I was very happy that I went. I bought 15 books and it was an eclectic mix. I found classics,  post modern novels and even some popular fiction like Me Before You by Jojo Moyes. I found classics I was looking for like The Red Badge of Courage by Stephen Crane and The Call of the Wild and White Fang by Jack London.  Both are authors I haven’t read anything by,  so I am looking forward to reading those books. I also found a copy of the Latin classic The Golden Ass by Apuleius. On the more post Modern spectrum I bought copies of Roberto Bolano’s The Savage Detectives  and Blindness by Jose Saramago. I also bought the first volume of Karl Ove Knausgard’s My Struggle.

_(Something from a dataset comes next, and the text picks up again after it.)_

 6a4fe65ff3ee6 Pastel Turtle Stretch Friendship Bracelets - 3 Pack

There were books by authors I wanted to read more of of like Joyce Carol Oates’ Angel of Life, and A Yellow Raft in Blue Waters by Michael Dorris. I remember my mom used to have a copy of Peace Like a River by Lief Enger. I also bought The Winds of War by Herman Wouk, a Penguin classics edition of the Indian novel The Guide by R.K. Narayan and a NYRB edition  of A High Wind in Jamaica by Richard Hughes. I also bought a mystery novel by Nicholas Blake called The Widow’s Cruise and a book I never heard before called Kissing in Manhattan by David Schickler. For a dollar,  how can you go wrong?

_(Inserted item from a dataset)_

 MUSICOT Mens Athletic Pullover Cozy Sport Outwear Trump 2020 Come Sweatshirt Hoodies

Usually when I go to book sales, I usually have a list in my head of books I want.  At The Book House a couple of months ago,  I finally bought a copy of A Gentleman in Moscow by Amor Towles. My mom raved about it after reading it for her book club. I am still looking for Lincoln in the Bardo by George Saunders and Manhattan Beach by Jennifer Eagan.

I also keep a lookout for books from my favorite authors.  I want to read Death Comes For the Archbishop by Willa Cather but I don’t have a copy. I gave away my copy of The Children by Edith Wharton and immediately regretted it.  I need a replacement copy. I am becoming a big fan of Adlous Huxley and think I would like his novels Eyeless in Gaza and Island.  I have not read a Graham Greene book I didn’t like and am looking for a copy of The Quiet American,  which takes place in Vietnam. And I loved reading last year The Moon and Sixpence and want to read Cakes and Ales by M Somerset Maugham.

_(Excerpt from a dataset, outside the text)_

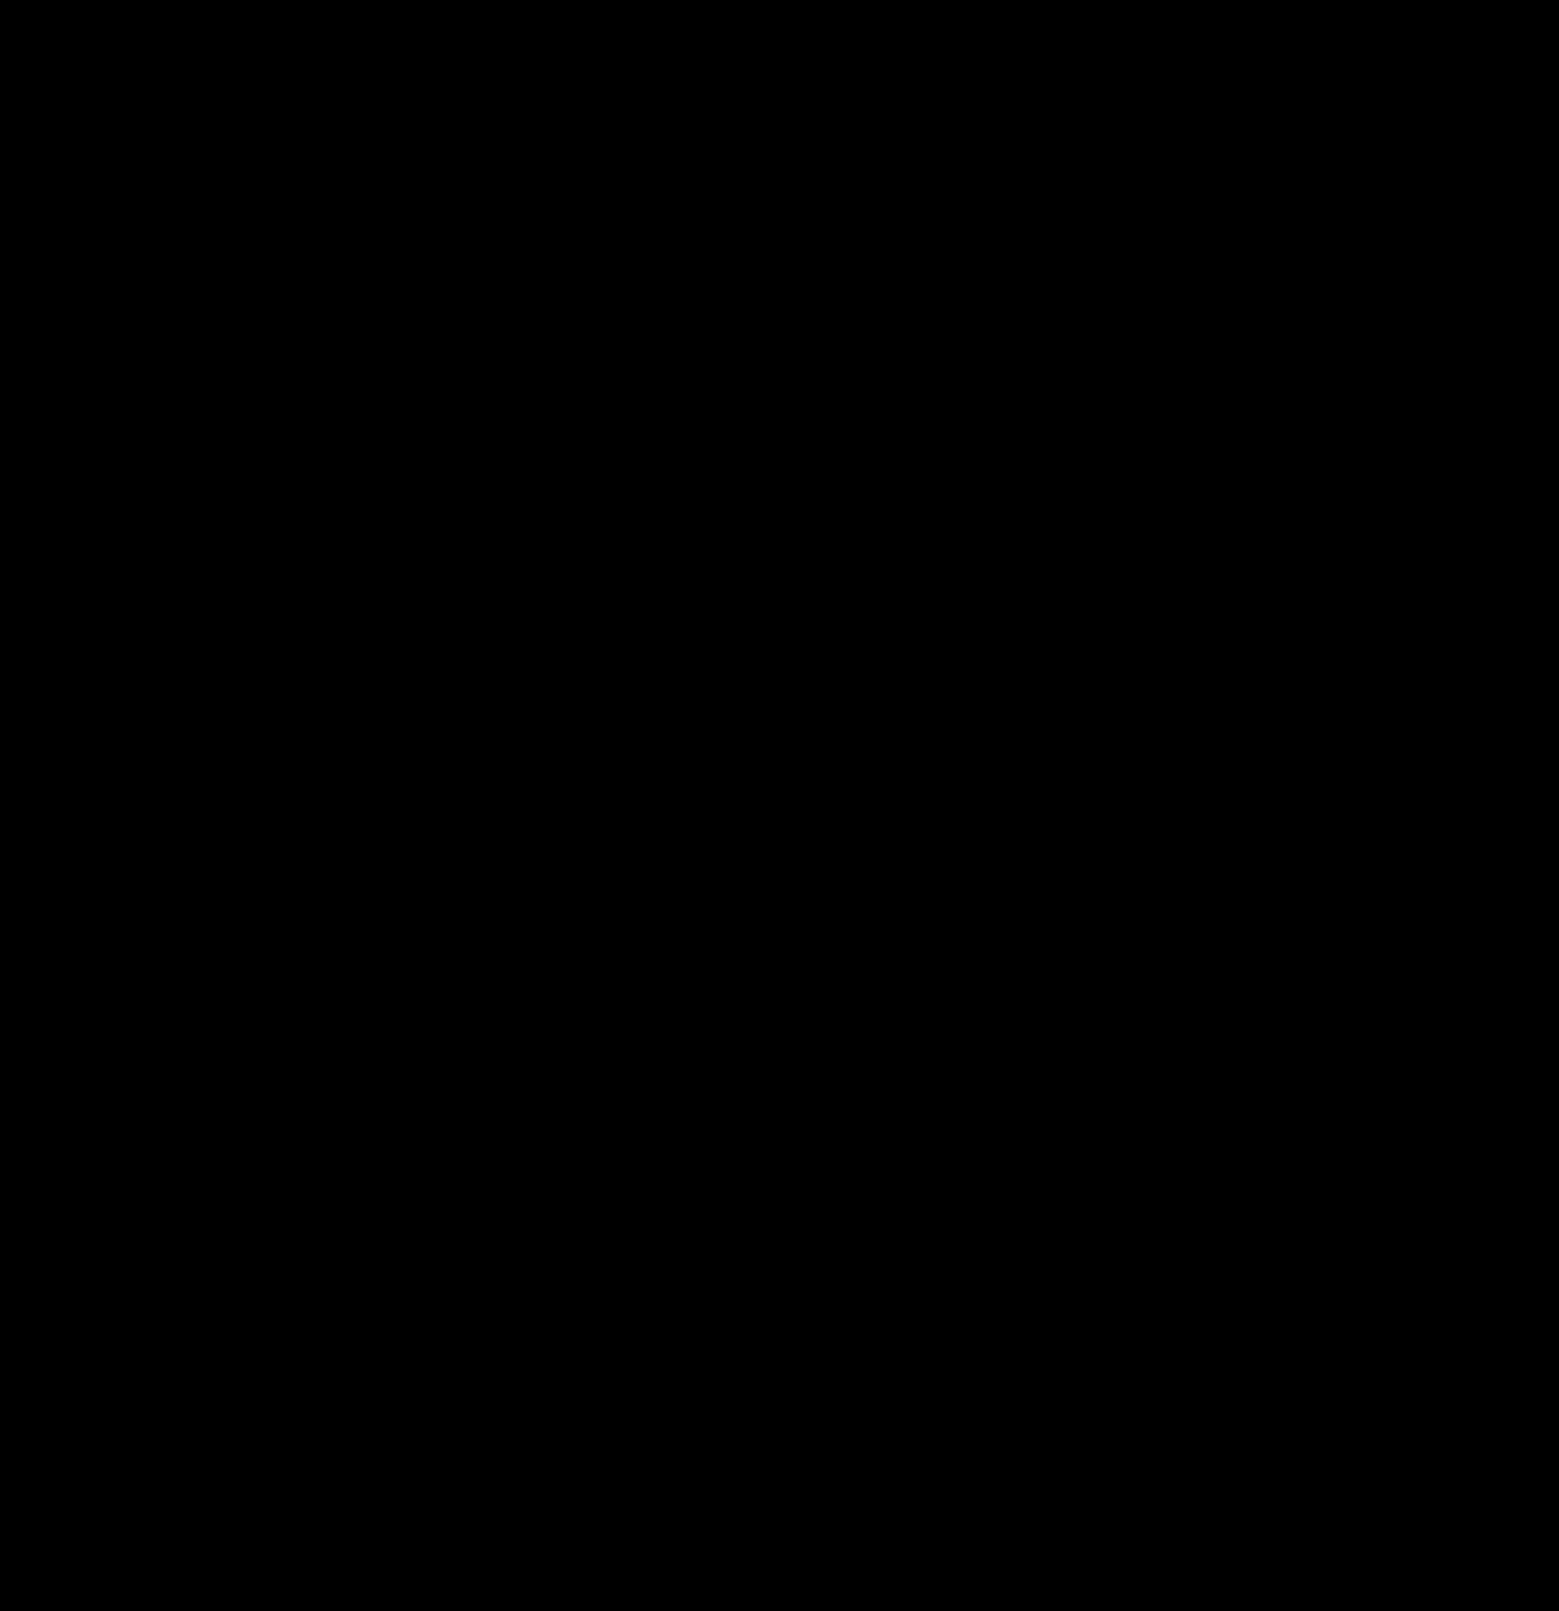 Free ukiyo-e illustration of Cheering man

We seem in the days of the Internet and iPhones to have lost the art of browsing.  I remember when I was a teenager, I would go to Strawberry Records and spend hours looking for an Elton John or Beatles album I didn’t have. I remember in my 20’s there was this old bookstore on Broadway.  I don’t remember the name of it but it used to have books stacked up high on tables. The cranky bald headed store owner would get upset if you disturbed the towering piles of books but I found in those piles books by John Updike,  Mary Mc Carthy or Jean Genet I knew I had to buy. I could spend hours there just looking at all the books. Unfortunately, the store is empty, another piece of blight in downtown Albany. I miss that store but that’s ok. A couple of weeks ago,  my friend Bev and I just happened to spot a sale at a Knight’s of Columbus on Route 7 and I found three Penguin Classics editions of Iris Murdoch books, The Bell, Nuns and Soldiers and a Fairly Honourable Defeat. My advice to all my bookish friends is don’t be afraid to browse. You never know what you will find if you aren’t looking for it.